The Kamaoa windmill farm was in installed at South Point of the Big Island in 1986 to produce 7.5 megawatts of electric power. By 2006 the the rusting dilapidated site was shut down. Centralized windmill farms will not be a reasonable solution for Hawaii. Distributed solar energy (for hot water and photo-voltaic electricity as well as demand destruction) is the way forward in Hawaii. I spoke to a table full of Aha Moku Council representatives from Lanai about the proposed windmills. They were all against the idea.

This idea that state officials on Oahu can dictate to the outer islands what they should do to keep Oahu happy reminds me of the attempt to jam the Superferry down our throats for the convenience of SUV's full of Mililani opihi pickers.

Obviously, Oahu is running up against the ugly reality of overpopulation and resource/infrastructure inadaquacies... so much will have to change there in the next few years.
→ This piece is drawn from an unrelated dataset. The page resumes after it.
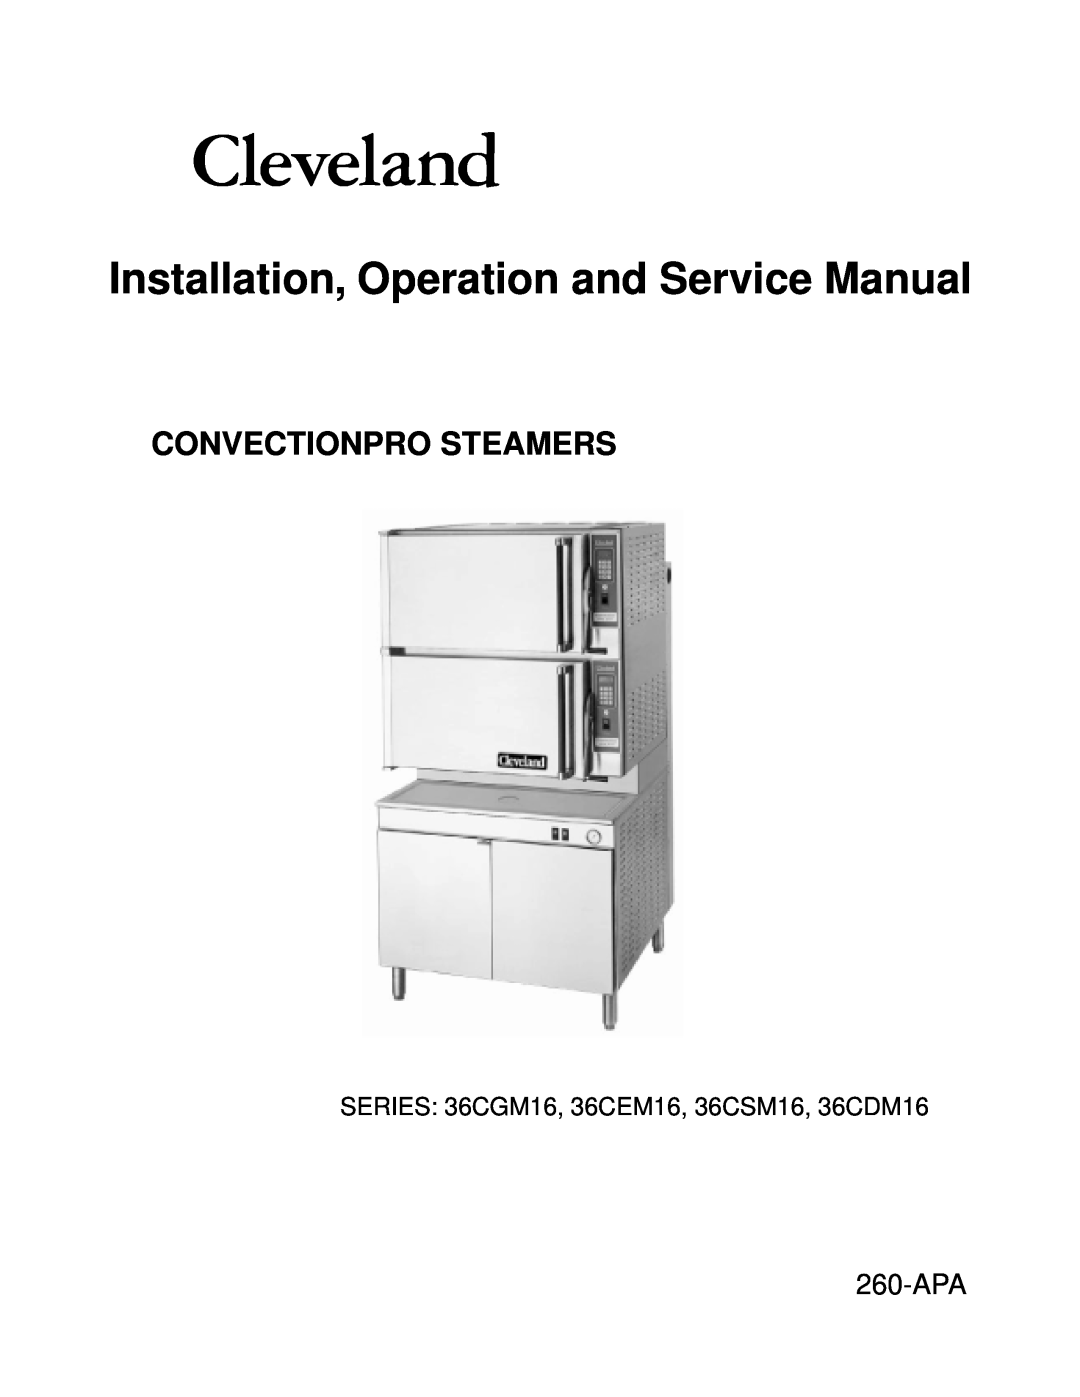 Cleveland Range service manual Convectionpro Steamers, 260-APA, SERIES 36CGM16, 36CEM16, 36CSM16, 36CDM16

Enabling them to continue on their present course by plundering the outer islands won't be very acceptable.
 


The undersea cables are expected to cost between $1 billion and $2billion to the taxpayers of Hawai'i.

With that money, one could put solar hot water heaters on every single house on Oahu. It is estimated that a solar hot water heater saves 40% of the typical Hawai'i electric bill.

The undersea cables will deliver energy that offsets 15% of Oahu's electric load.

The numbers aren't comparable because the 15% is off the entire island electric use and the 40% savings is from residential use. But I have to think that when you adjust these numbers we'd see that using the money to directly benefit the taxpayers (instead of producing $250,000,000/year income for Rupert Murdock) would offset the same amount of electricity and put that $250,000,000/year in the pockets of our residents.

This scheme by Gov. Lingle is a rip-off of both the taxpayers who are subsidizing this private for-profit operation and the rate-payers whose rates will go up.

Wind energy, done right, LOWERS costs. This is wind energy done WRONG.
 


See http://friendsoflanai.org/ for Lana'i residents who oppose the wind farm. I think they go a little overboard but the crux of their case is valid. They appear to have grabbed hold of some bogus info opposing wind energy in general with which I disagree and I certainly don't agree that nuclear is anything that should be considered at all...but the rest of the info is pretty good.